During the rally, one of the speakers, reading from a prepared statement, said that “the people of Myanmar strongly denounce and condemn any intervention or intrusion by the foreign countries, international communities and various organizations which unrightfully manipulate our nation and our Myanmar armed forces.”

 

A Buddhist monk, Wirathu, who was also addressing demonstrators, urged the international community to stay out of what he called Myanmar’s national affairs.

 

“The day the International Criminal Court (ICC) comes to our country, that’s the day R2P (responsibility to protect) comes to our country.

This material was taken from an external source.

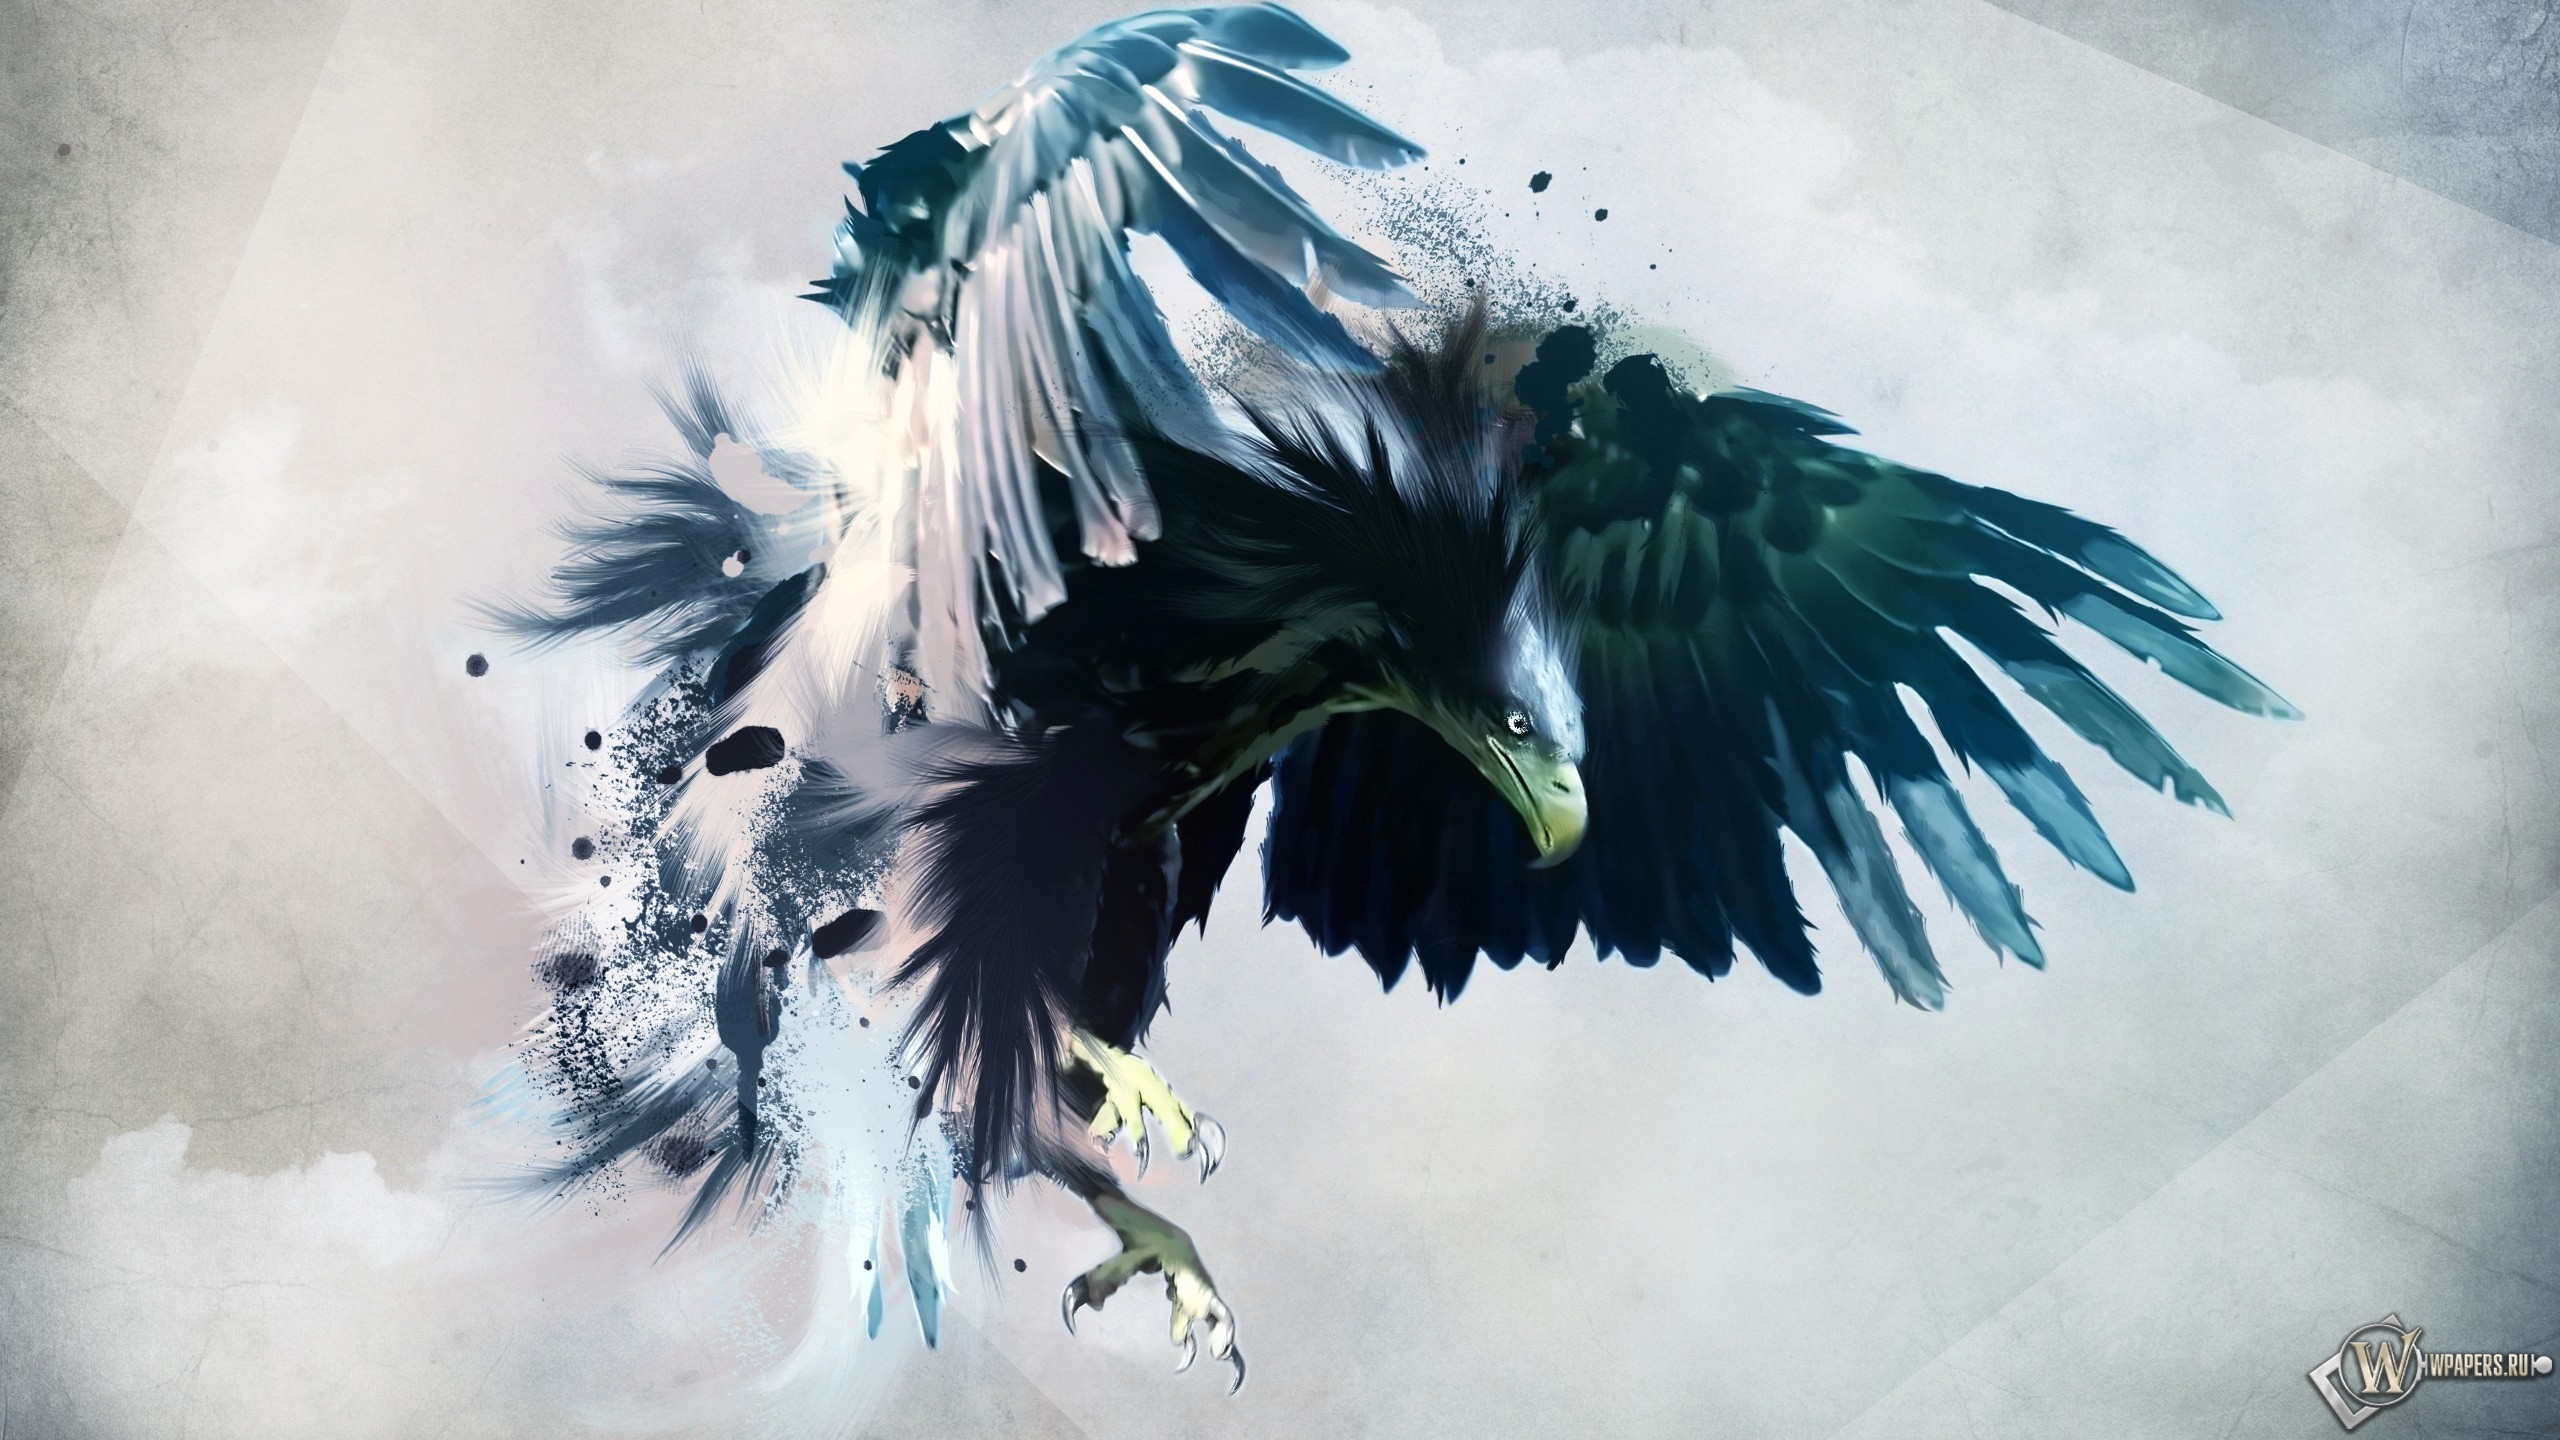 Artistic eagle 2560x1440

That’ll be the day that Wirathu picks up a gun,” he said.

 

The Southeast Asian country is not a member of the ICC, but the membership of neighboring Bangladesh – which is bearing the brunt of Myanmar’s crackdown -- is enough basis for the court’s jurisdiction over the case, the tribunal says.

 

According to Press TV, the Myanmarese government has blocked access to the ground zero of the violence, but massive evident have so far been collected by international observers, medics, and journalists have blown the lid of the crimes.

 

The results have brought Myanmar’s de facto leader and onetime “democracy icon” Aung San Suu Kyi under fire for inaction, with critics saying she is effectively giving the green light to the army to keep up its criminal deeds by remaining tight lipped.

 

Those harsh criticisms prompted Canada to officially strip Suu Kyi of her honorary Canadian citizenship.

 

When UN report released in August, many even expected that it would lead up to the Nobel committee withdrawing the Peace Prize awarded to her back in 1991.

 

The Norwegian committee, however, argued that the prize had been awarded for achievements of the past and could not be therefore withdrawn.